I have address_standardizer extension created.

It is not like other functions.  How to review its code? Does it need to adapted to handle other countries addresses?

As I tried to indicate, the postGIS address_standardizer extension is extremely hard to understand and nearly impossible to customize the files. I migrated the PAGC code into this extension but I barely understood the code. Conceptually, the ideas are straight forward, but the code is very hard to follow and understand so I portted it as a black box.
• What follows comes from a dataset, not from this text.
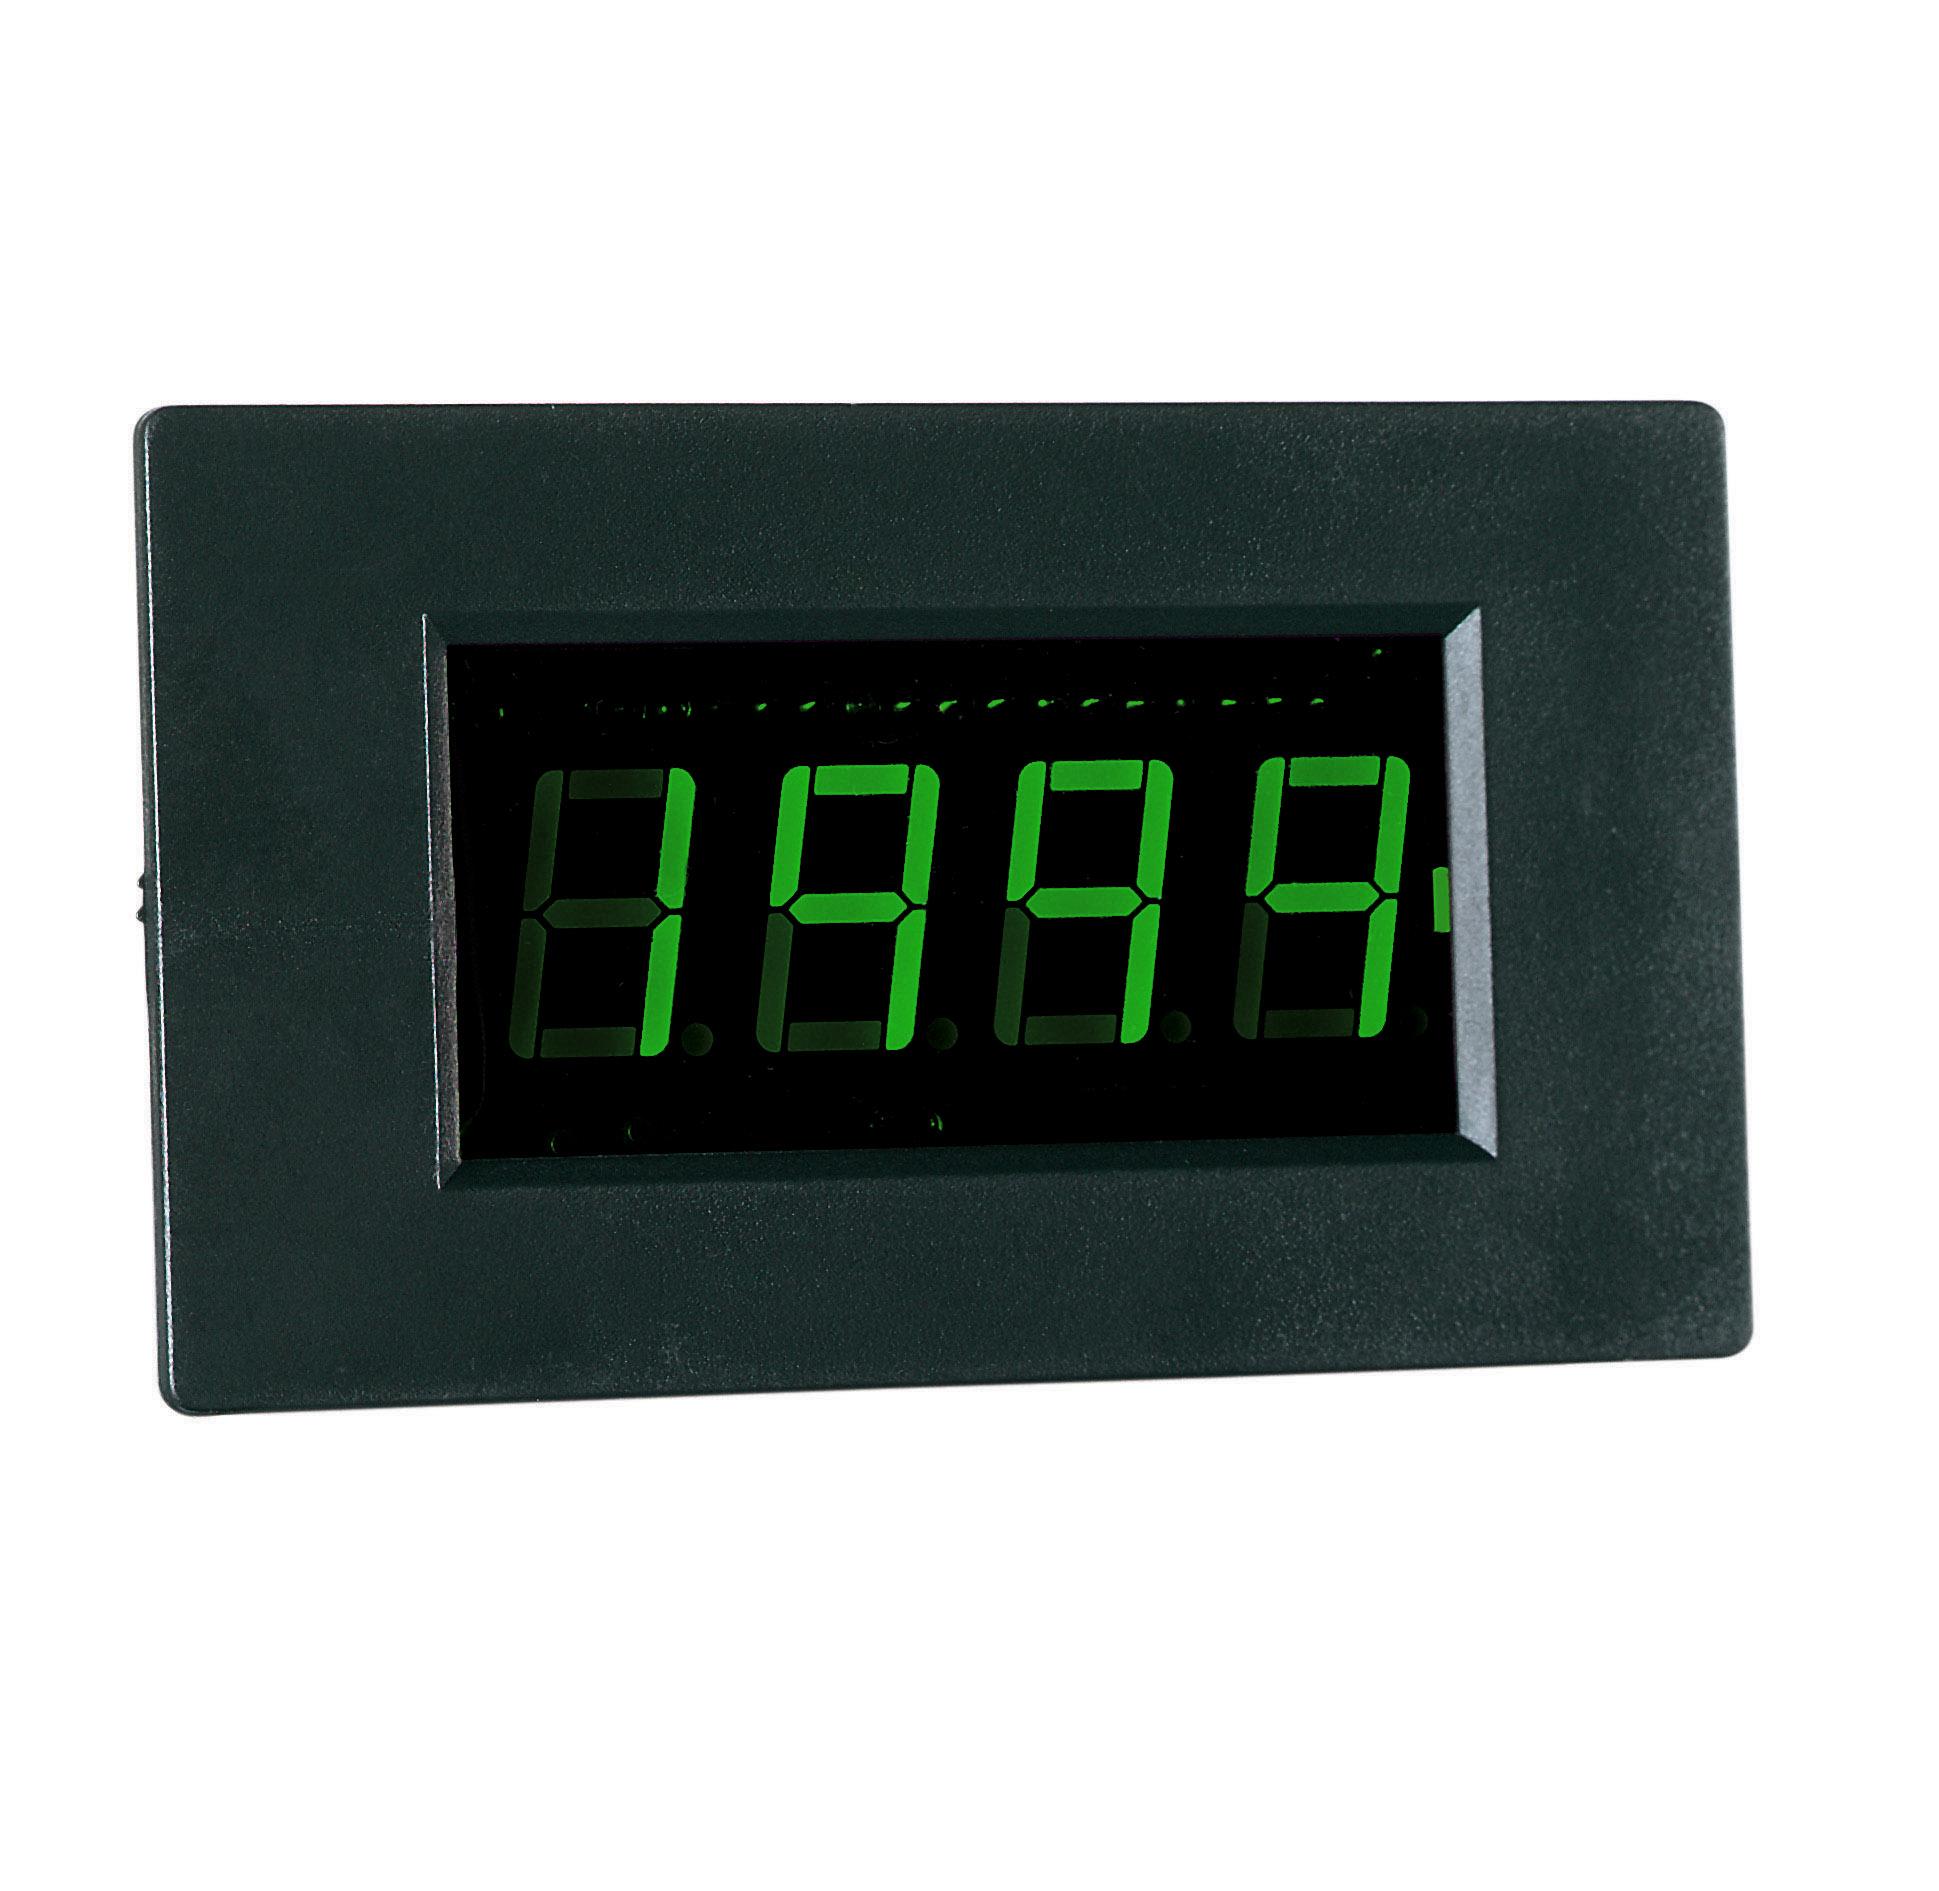 «PeakTech® LDP-240» Volt & ammeter, LCD display 14mm hight of digits

If the exisiting address_standardizer_data_us does not work for you or you need to support other countries, you will need to build and install the one here:

https://github.com/woodbri/address-standardizer

This was written as a replacement
This one has sample files for 25 countries here:

https://github.com/woodbri/address-standardizer/tree/develop/data/sample

that you can customize and has (hopefully) good documentation here:

https://github.com/woodbri/address-standardizer/blob/develop/README.md
https://github.com/woodbri/address-standardizer/blob/develop/DOCUMENTATION.md
https://github.com/woodbri/address-standardizer/tree/develop/data

Also, this code is written in C++ and I hope it is written to be easier to understand and review.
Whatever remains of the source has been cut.